Tolstoy’un din değişikliğinden kısa bir süre sonra yazdığı İvan İlyiç’in Ölümü geç dönem kurguları arasında başyapıt olarak görülmektedir. Tolstoy, bu eserinde insanın ölümle yüzleşmesini, ölüme yolculuk yaparken hissedilen çaresizliği ve geride kalan “canlı cesetlerin” bencilliğini vurgulayarak okura aktarmaktadır.
Kreutzer Sonat
Beethoven'ın Kreutzersonate isimle piyano-keman bestesinden adını alan Kreutzer Sonat, hem yayımlandığı dönemde Rusya’da hem de diğer yıllar içinde yayımlandığı farklı ülkelerde çeşitli yollardan sansüre uğrar. Tolstoy’un en çok tepki alan eserlerinden biri olurken aynı zamanda yazarın kiliseden aforoz edilme sürecini başlatan adımlardan biri hâline gelir.
Ana karakter Pozdnişev, bir tren yolculuğunda karşılaştığı insanlara kendi evlilik hayatını, kıskançlık krizlerini, korkularını ve geçmişindeki karanlık düşünceleri aktarır. Pozdnişev’in anlatımında ve dinleyicilerin verdiği tepkilerde Rus toplumunun kadın-erkek ilişkisine, evliliğe bakış açısına ve ahlakî değer yargılarına ağır eleştiriler gönderilir.
Tolstoy’un derin bir bunalımın içindeyken kaleme aldığı Kreutzer Sonat’ın yazarın tiyatrocu bir arkadaşından ilham alarak yazılmış olduğu düşünülmektedir.
İtiraflarım
İtiraflarım, Tolstoy’un uzun yıllar boyunca düşüncelerini işgal eden içsel arayış neticesinde ortaya konulmuş bir eserdir. Dünya edebiyatına büyük başyapıtlar bırakan yazar, bu eserinde edebî derinlikten ziyade sorgulayıcı bir gerçeklikle karşımıza çıkar.
Felsefeyi, dinî düşünceyi, ahlaki değerleri ve hayatı derinlemesine irdeleyen Tolstoy, bu eserini kaleme aldığı dönemde aynı derinlikte ruhsal bir krizin içinde bulunmaktadır. Bu bunalımla birlikte kendi varlığını sorgular ve hayatla ölüm arasındaki ilişkiden bilimle din gerçekliğine doğru tarafsız bir şekilde yol alır.

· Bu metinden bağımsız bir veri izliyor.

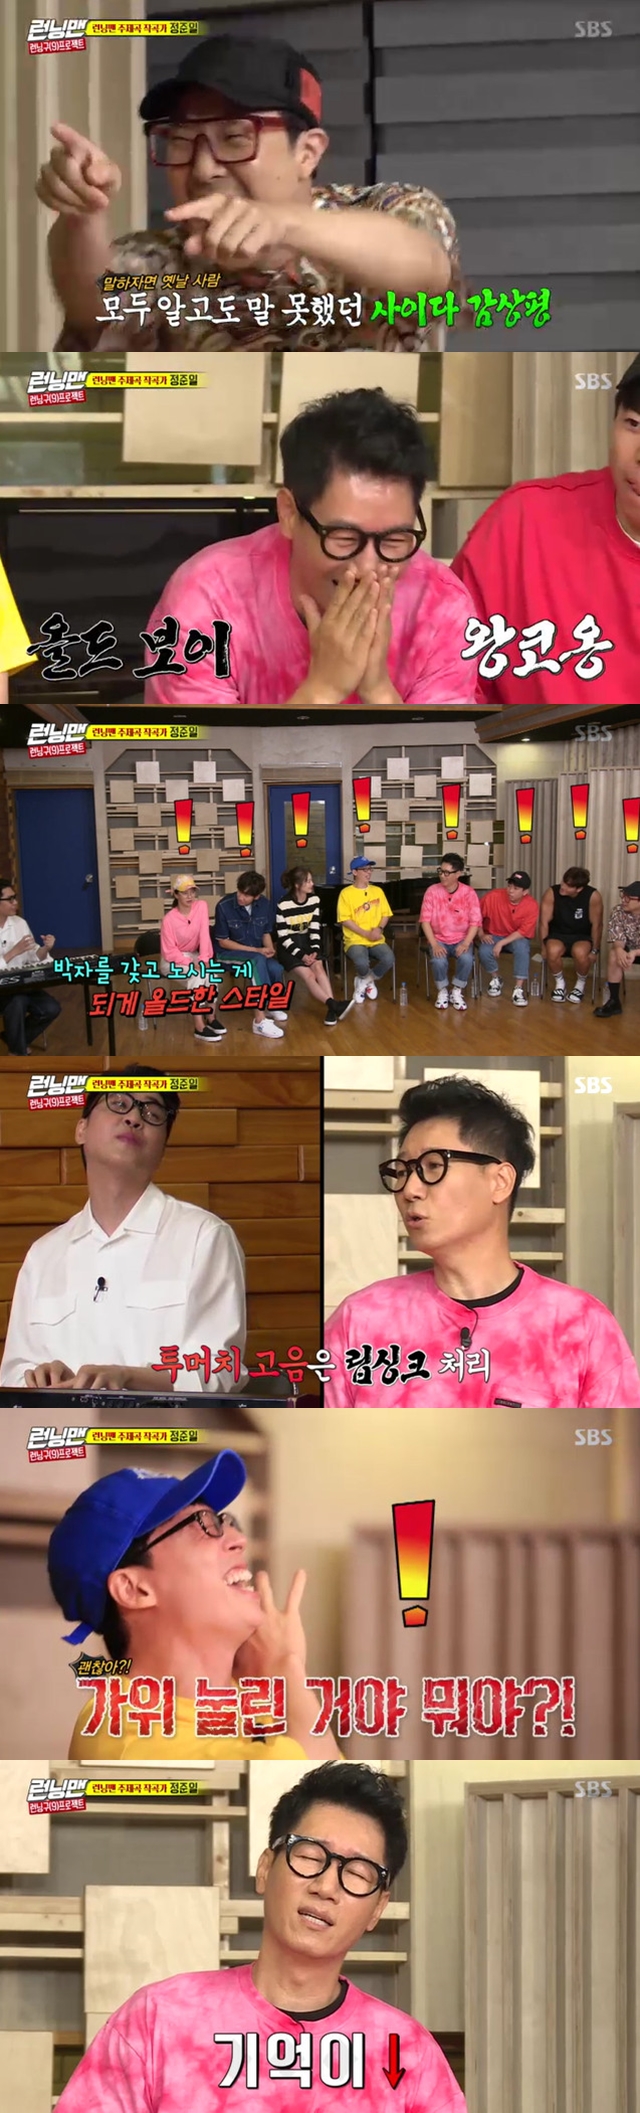 Jin Joon-Il gave a cider review to Ji Suk-jins song.Musician Jeong Joon-Il appeared on SBS Running Man on August 4 as a composer of the Running Man theme song.Jeong Joon-Il, who is usually a fan of Running Man, was cheered by the members who said that he accepted the composer proposal in New York, USA.On this day, Jeong Joon-Il ordered Kim Bum-soo to want to see to check the singing skills of the members.Among them, Ji Suk-jin, a former original singer, showed off his first album singer-like skills; Ji Suk-jin played with notes freely.Ji Suk-jin made a self-adjustment and a two-much high-pitched lip sync to make a laugh.Jeong Joon-Il, who was listening to this, laughed at almost fainting levels.bak-beauty

İlk olarak 1882’de bir dergide yayımlanmak istenen İtiraflarım, Doğu Ortodoks Kilisesi tarafından sansüre uğramıştır. Bu nedenle eserin ilk baskısı 1884 yılında Cenevre’de yapılmıştır. İlk tam Rus baskısı ise ancak 1906’da yayımlanabilmiştir.
Çocukluğum
Çocukluğum, Tolstoy’un yayımlanan ilk eseri olmasına rağmen çarpıcı dili, karakter derinliği ve yalın konusuyla yazarın edebî dünyada kabul görmesine yol açan bir başyapıt hâline gelmiştir. Yarı otobiyografik roman olan bu eserde Tolstoy’un çocukluğundan ve çevresindeki insanlardan derin izler okura aktarılmaktadır. 10 yaşındaki Nikolay’ın çocukluk dünyası, hayal gücü, duygu ve düşünceleri aslında Tolstoy’un kendi çocukluk dönemini takip ederek çizilmiş bir yol haritasıdır. Ebeveyn-çocuk ilişkisini, çocukluğun masum tarafını ve duyguları keşfetme macerasını konu alan Çocukluğum, aynı zamanda yazıldığı dönemin gerçekliğini ve sorunlarını da gözler önüne sermektedir.
Tolstoy, bu eseriyle hem kendi geçmişine vurgu yapmıştır hem de geleceğe seslenerek nesiller boyunca miras bırakacağı büyük eserlerinin temel adımını atmıştır.